The financial landscape around the world has changed quite a lot in the past few years. While investing remains hedged by stocks, bonds, and cash holdings, a new entry onto the scene has caused a bit of a stir: blockchain. It is both heralded and reviled, depending on whom is asked, and rarely understood by any outside the initiate. Bitcoin, Ethereum, and the rest of the cryptocurrencies (“cryptos” for short) have made headway in providing another means of payment and investment in global markets. The court system is realizing this change as well, from America to the rest of the world. Recently, China recognized blockchain as legally viable for authenticating evidence in its Internet courts, therefore, allowing blockchain to authenticate evidence. The Supreme People’s Court issued a statement that instantiates new rules for formally authenticating evidence with regard to the blockchain.
According to Nathan Rodriguez, “The Supreme People’s Court of China announced that Internet Courts in the country would recognize electronic data as evidence if the parties that submitted this data on a Blockchain which had digital signatures, hash value verification, and trusted time stamps.”
In other words, the court system in China will allow blockchain to authenticate evidence, if and only if that blockchain evidence can itself be authenticated. “Additionally,” Rodriguez continues, “if electronic data that has been entered in court is being disputed by any one party, then Blockchain technology can be used to authenticate evidence.”
In China, according to their civil law procedures, any lawsuits filed against a business or organization have to decide within that company’s primary municipality. As such, the Hangzhou Internet courts have witnessed a precipitous rise in cases relating to e-commerce. According to the Internet Court’s website, it takes just five minutes to file a suit online and that allowing blockchain to authenticate evidence will save the Chinese court system substantial money and time, as The Global Times reported. The Verge further reports that such cases climbed from 600 in 2013 to more than 10,000 cases just three years later.

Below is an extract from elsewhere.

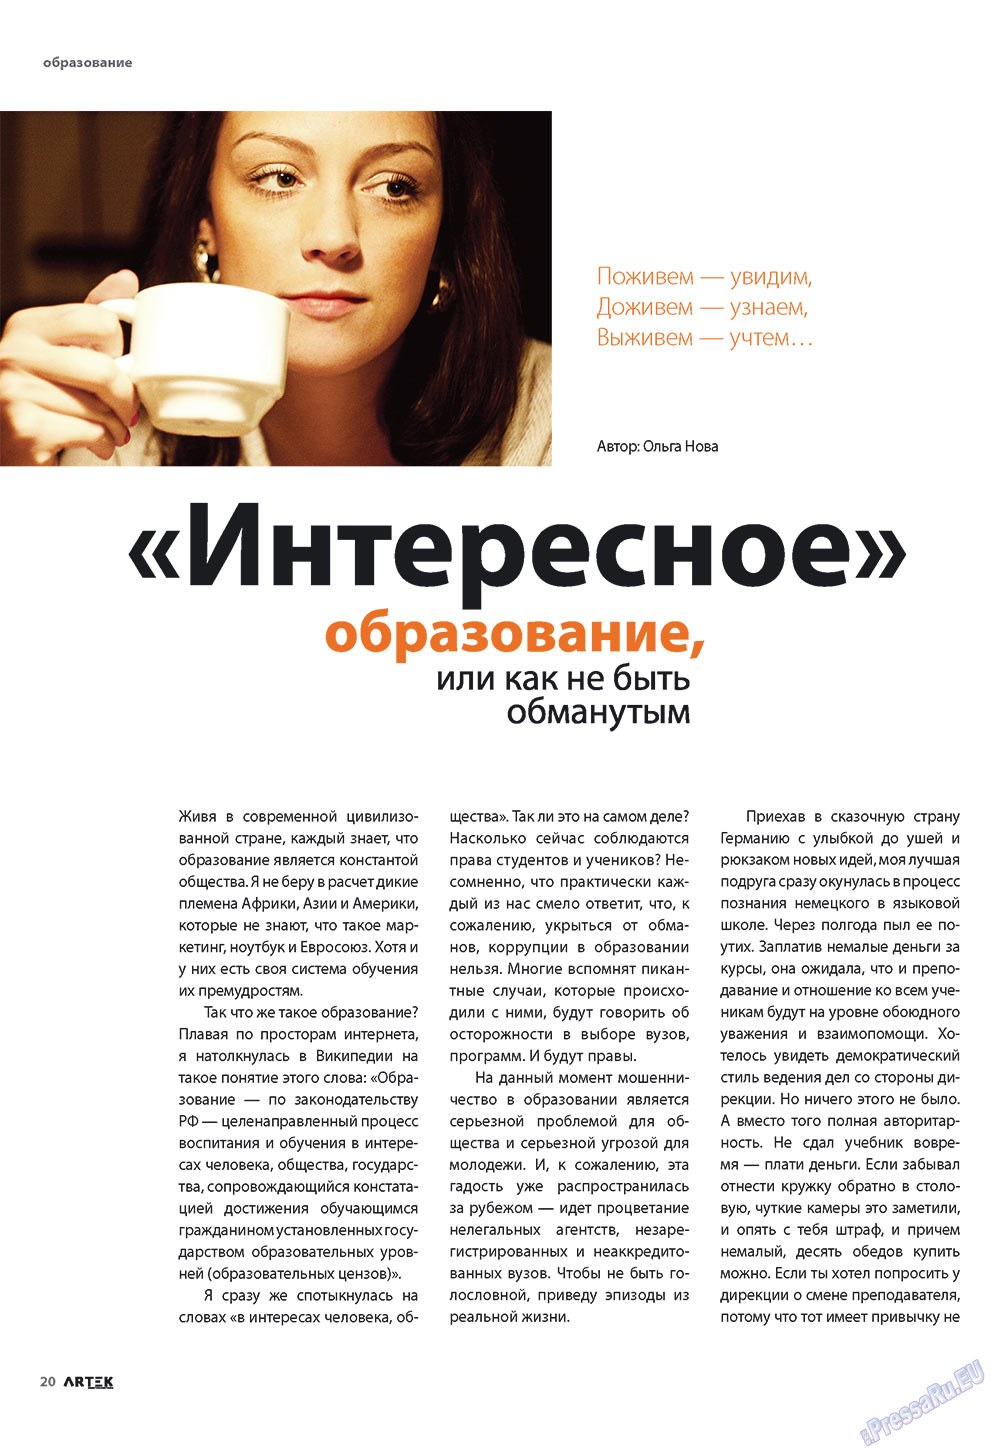 Артек (журнал). 2009 год, номер 4, стр. 20

This is a major statement from one of the world’s leading economic powers about the viability of blockchain and cryptocurrencies as a means of an electronic ledger. As China paves the way in many technological respects, the rest of the world may follow suit (no pun intended). Further, since blockchain as technology is touted as the most innovative way to authentically validate evidence, it seems almost necessary that many other countries will not be long behind. It is conceivable that blockchain could become an incredibly important player in the legal system, both in China and elsewhere.
There are various reasons for such a sea-change, but the most important is that blockchain provides a way to audit the data that takes place on its ledgers. Every entry is written in stone, as it were, unchangeable in any way once it is recorded. To make blockchain even more impressive as a technology, the actual security of the blockchain itself is instituted electronically before any kind of documenting or transacting can occur.
Again, though no other country has made such a claim about the authenticity and viability of blockchain and cryptocurrency, it is quite likely it won’t be long before others join the fray. According to Nathan Reif, “While no other country has yet followed in China’s path, the U.K. Law Commission did announce earlier in the summer of 2018 that it would review legal frameworks…so that it doesn’t lag behind as blockchain legal applications develop.” In other words, it is highly probable that blockchain will make its way off the fringes and into the heart of the global legal community, thanks to China’s recognition of it in their court system.